Access to DALL-E for Free: User @lucasc.234 asked if DALL-E 2 can be used for free. @solbus suggested that free credits could be claimed, and also mentioned the possibility of using Bing’s image creator for DALL-E 3.
Issues with Uploading Custom Knowledge to GPT: @cat.hemlock reported encountering a problem where after attempting to upload custom knowledge files to their GPT, the files appeared to be absent when reopening the editor. This problem affected GPT function and was confirmed by other users, as indicated by a link provided by @solbus to a bug reports post on Discord.
Mistaken Output for Mathematical Problems: User @samihahaha reported receiving problematic outputs for mathematical problems. @eskcanta suggested that the AI was misusing LaTeX formatting and offered a solution which involved reminding the AI of the correct LaTeX formatting instructions.
Account Upgrade to Paid Version: @fearlessdigital mentioned a delay in receiving a response to an upgrade request to a paid account, leading to concerns about whether non-personal emails (like success@) were acceptable.
Disappearing Images in DALL-E: @spectre120 and @solbus discussed issues with images disappearing in DALL-E and possible solutions. ‘Saving to Collections’ was recommended as a way to ensure that images are not lost.
System Failures: Users @vigneshs, @pichytweets, @satanhashtag, @eskcanta and @_diogenesque_ reported various system issues, including network errors, issues with the Plus subscription on desktop, and disappearing chats in the app. @solbus engaged with these users actively to understand their problems better and suggested potential solutions.

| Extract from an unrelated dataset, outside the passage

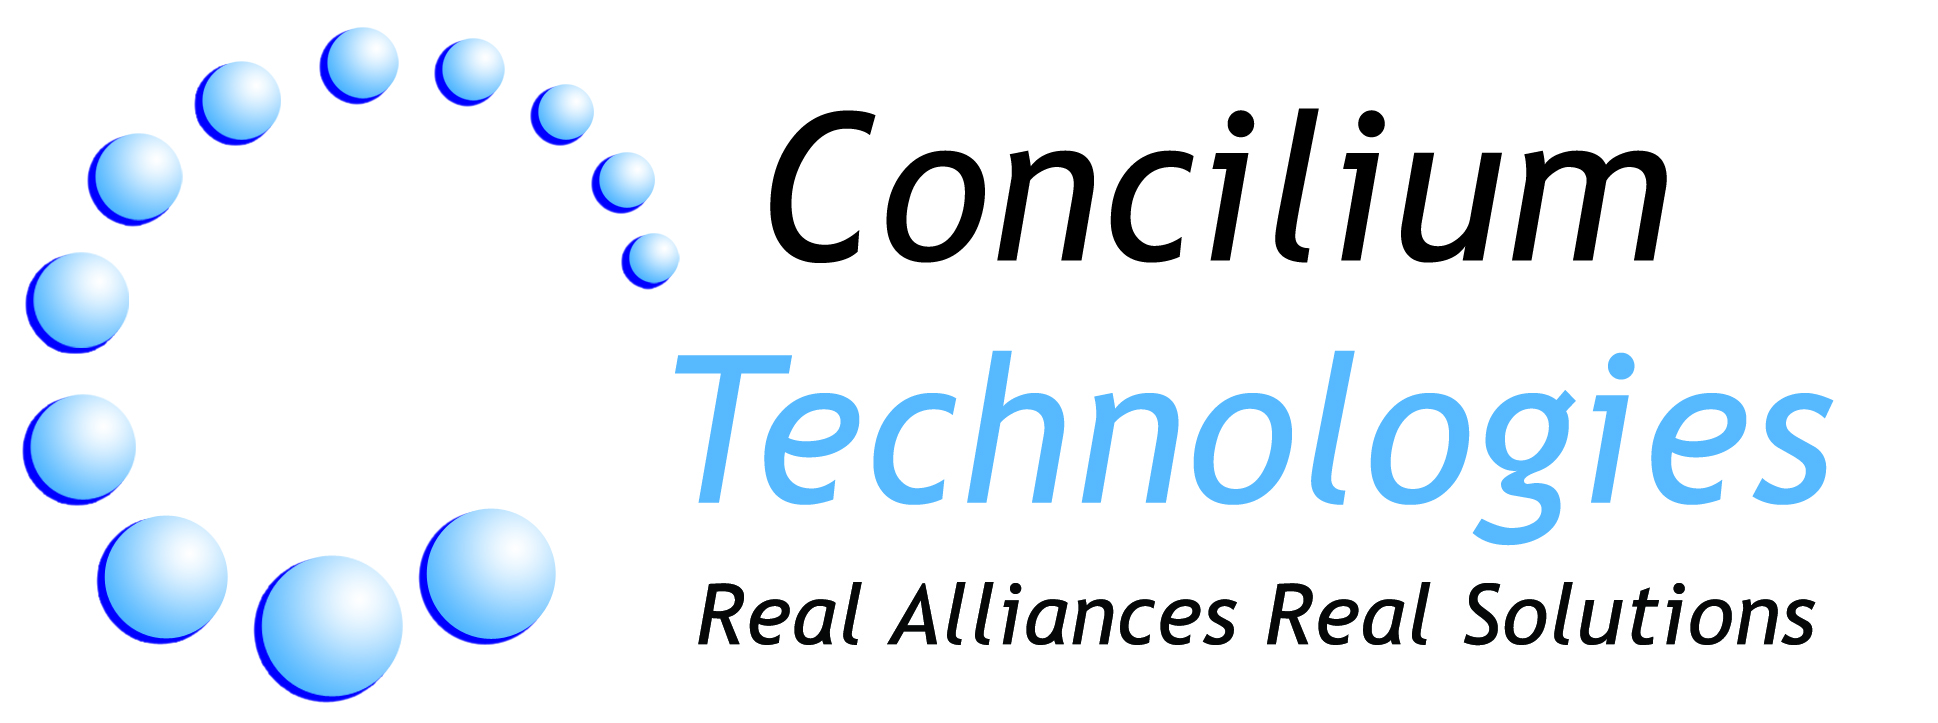 Concilium Technologies

▷ #gpt-4-discussions (36 messages🔥):

Issues with GPT knowledge files and message limits: @alanwunsche pointed out issues with GPT knowledge files getting randomly deleted and not being visible on the status page. There was also a discussion about message limits with GPT-4, @pietman suggested GPTs have a lower limit of about 20 prompts and a normal chat has a limit of 40 prompts. @solbus mentioned a possible total of 25 prompts for GPTs over 3 hours.
Data Processing with ChatGPT: @jdo300 is seeking advice on returning data files through GPT responses, specifically planning to process and display a large amount of data using a Python script.
Storage and Recognition of User Information: @lduperval asked about storing user information from conversation for recalling these details later, querying whether GPT can recognize and adapt if a user provides information without prompting.
Issues with Custom GPTS and OpenApi JSONs: Various users such as @ps5671 and @nisus74 reported issues with custom GPTs disappearing from their accounts and the inability to save GPT actions after inserting an OpenAPI JSON.
OpenAI Assistant API’s Learning Ability: @ankur1900 and @logan.000 discussed whether the OpenAI Assistant API can adapt and learn from ongoing conversations in real-time. The conclusion was it can learn and retain specific knowledge within the context window.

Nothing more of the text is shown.